It’s been a while since I last posted, and a lot has transpired in my life. A year ago, I lost my father. Our relationship was fraught with difficulties; he could be quite abusive. Most of his harsh words were directed at my mother, but in recent years, I found myself on the receiving end of his anger as well.
My father struggled significantly, ultimately ending up in a psychiatric hospital because he refused to take medication. When he halted his treatment, he would become unstable, leading to repeated hospitalizations. Each time, they would stabilize him, only for him to be released, and the cycle would start anew. Growing up with my grandparents, he never learned the essential skills needed to care for himself.
Later in life, he married a woman who, after about four to five years, moved out but continued to meet him monthly. During these visits, she collected half his paycheck and he would take her shopping. In his mind, he believed this arrangement was acceptable as she was his wife. However, it was clear that he was being exploited in a way that was heartbreaking.
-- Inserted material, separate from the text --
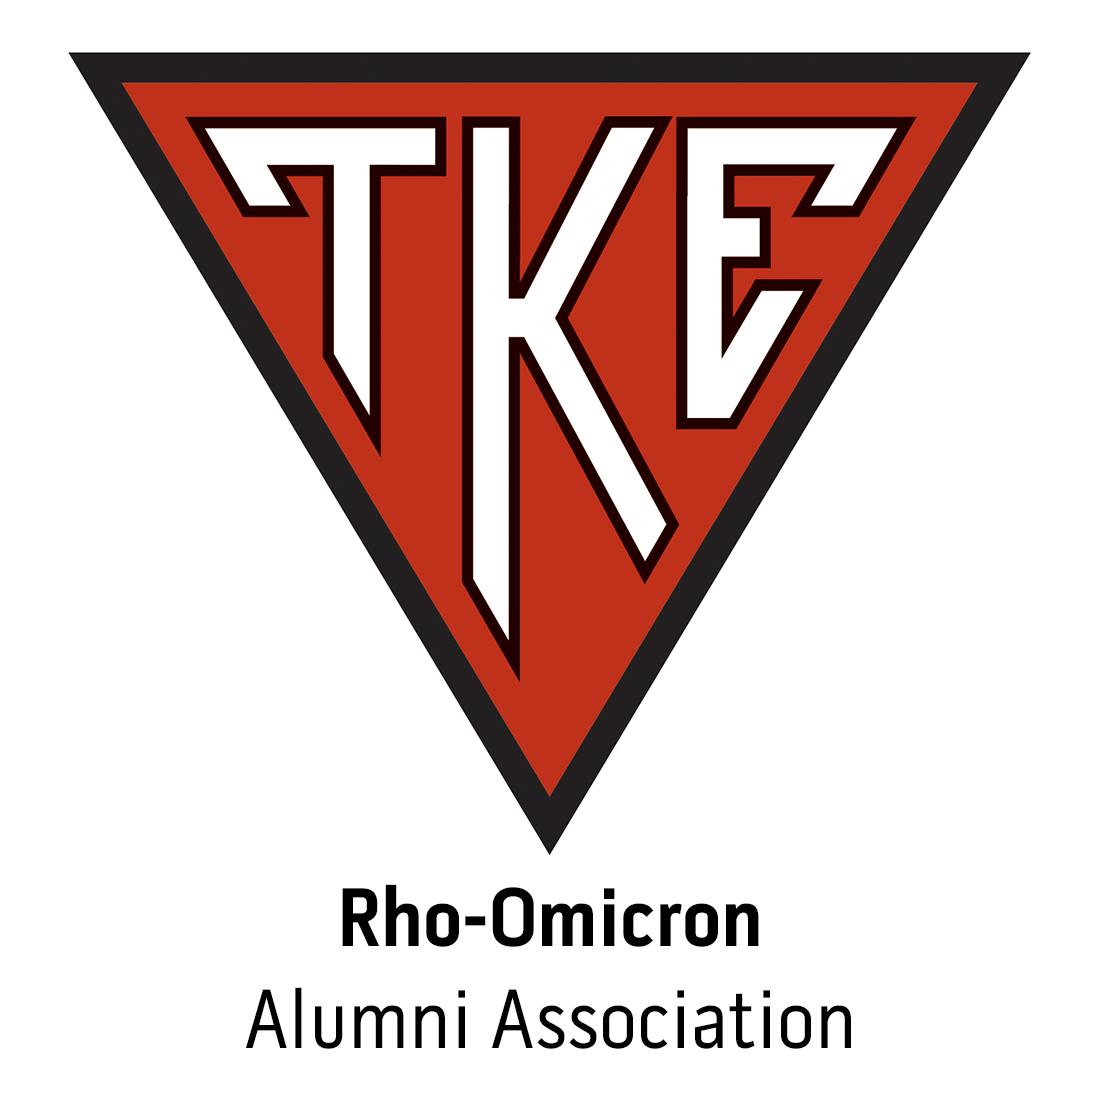 Rho-Omicron Alumni Association at Cal Poly, San Luis Obispo

Eventually, he found himself as a long-term resident in a psychiatric hospital. The medical staff could never discharge him to a senior or nursing home because he wouldn’t take his medication, and those facilities couldn’t force compliance. This situation perpetuated a frustrating cycle that prevented him from being able to live in a less restrictive environment.
The emotions surrounding my father’s death are complex. On one hand, I recognize that he was a product of his environment and didn’t fully understand the wrongness of his behavior. He never learned that he could not yell or manifest abuse when things didn’t go his way. It’s challenging to fully blame him for this, considering his upbringing and mental struggles. On the other hand, his abusive behavior marked much of my life, making it difficult to find closure.
During the years I assisted in caring for him, I had to establish strict boundaries. He would call me one or two times daily, believing it was my duty to address his needs. Eventually, the disruption became too much, and I had to block his calls. Now, in the aftermath of his passing, I find myself facing a barrage of unopened voicemails and feelings of guilt. I start to question my choices—did I do enough? Should I have acted differently?
While he gave me life, I can’t help but ponder what else he provided. I am certain that some of my talents stem from him, but he also set a poor example of what a man should be. This upbringing played a pivotal role in my subsequent relationships, especially with my abusive ex-husband. The parallels between the two are uncanny; both exhibit arrogance, self-absorption, and a stark absence of empathy for others.
It’s a lot to process, and I find myself reflecting on my father often. I am grateful that our last moments together were peaceful; in the days leading up to his death, he was uncharacteristically kind. Perhaps focusing on this miracle, rather than the negativity of our past, is a healthier path forward.